Kinderen, zonder naam verm. 1371 bij de verzoening inzake de moord op Huge Gibenneve (zie ald.):

1. Willem Dijc, volgt III.

2. Pieter Pietersz.

hij, zijn broer, zwager en zuster en een verder onbekende Dirk van Spenghen twistten over de nalatenschap van Frank Diedwarenz. met het kartuizerklooster bij Geertruidenberg; 13 mei 1405 kwam een scheiding tot stand, daarbij ontving hij de som van 100 £ paym. Zij deden 13 jan. 1406 met de verdere erfgenamen van Machteld Frank Diedwarenz. afstand van hun rechten op haar nalatenschap t.g.v. het kartuizerklooster bij Geertruidenberg (RANBrab., Arch. v.h. Hollandse Huis bij Geertruidenberg 1 eerste deel f. 62 en v.).

3. Machteld

tr. Jan Claasz., verm. 13 mei 1405 (ontving 70 £ paym.) en 13 jan. 1406, zie hiervoor. Jan Claasz. is waarsch. degene die 20 nov. 1385 een rente overdroeg, afkomstig van zijn schoonvader (Ke. 1062, zie hoger). Hun dochter zal zijn:

a. Belie Jan Claasz.dr.

Zij ontving van haar verwant Frank Diedwarenz. 20 jan. 1405 de helft van 27 morgen land onder Woubrugge (Klo. 835)

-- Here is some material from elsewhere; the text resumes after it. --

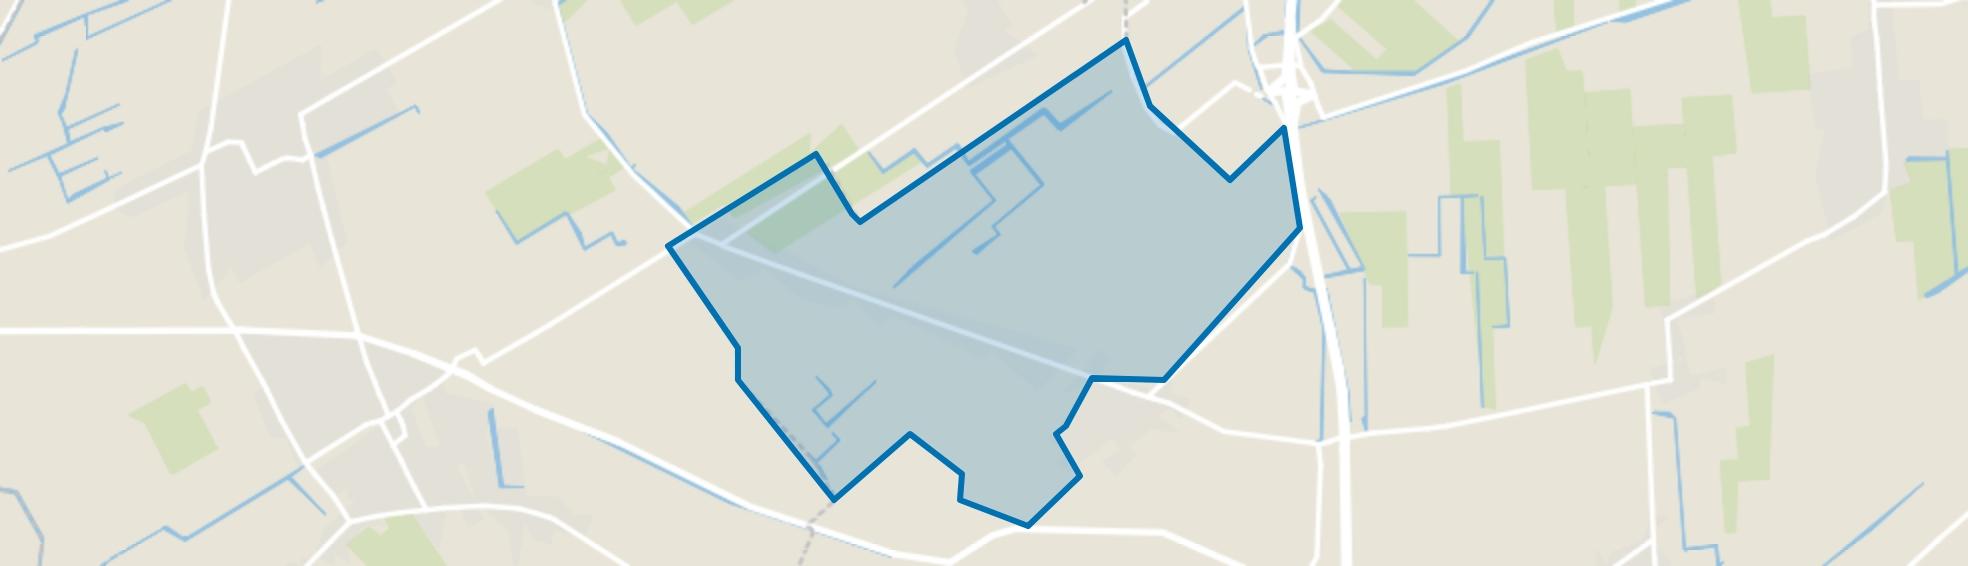 Sijbekarspel Buitengebied, Sijbekarspel map

27 mei 1410 verklaarde zij van Frank en zijn echtgenote 2½ morgen land te Valkenburgerbroek en 7 morgen land te Hoogmade gedurende haar leven ontvangen te hebben; e.e.a. was vervolgens bestemd voor het kartuizerklooster bij Geertruidenberg (RANBrab., Arch. v.h. Hollandse Huis bij Geertruidenberg 1 eerste deel f. 61); zij was 28 juni 1432 begijn te Delft (Klo. 653).

4. Heyle uten Campe

ovl. 14 nov. 1439 (Ke. 416 f. 4v.); zij is wellicht de Heyle uten Campe die in 1363 hofstedehuur te Leiden verschuldigd was aan de graaf (GvH. 19 f. 11v.). St. Pancraskapittel verklaarde 11 nov. 1384 haar een lijfrente en memoriediensten verschuldigd te zijn (Ke. 416 f. 4v.). Stichtte met Margaretha Simonsdr. 25 apr. 1398 in beider woonhuis op de hoek van de Achtergracht en Vrouwenkerksteeg een vrouwenconvent met kapel; schonk daaraan 2 morgen land en een uiterwaard tussen Rijn en St. Pietersland, bij de Zijlpoort, te Leiderdorp (Klo. 1472, F.J.W. van Kan, 'Leiden en de Moderne Devotie', in: E. de Bijll Nachenius, E. Scheenstra, S. Vermeer en M. de Vries, ed., Heimwee naar de middeleeuwen. Opstellen in theologisch perspectief (Leiden, 1989) 22-49, daarin 37-39). Hetgeen zij behield van de 70 £ paym. die haar uit de erfenis van Frank Diedwarenz. toekwam, was volgens scheiding van 13 mei 1405 bestemd voor genoemd convent (RANBrab., Arch. v.h. Hollandse Huis bij Geertruidenberg 1 eerste deel f. 62). Verm. 13 jan. 1406 (zie hoger, nr. 2).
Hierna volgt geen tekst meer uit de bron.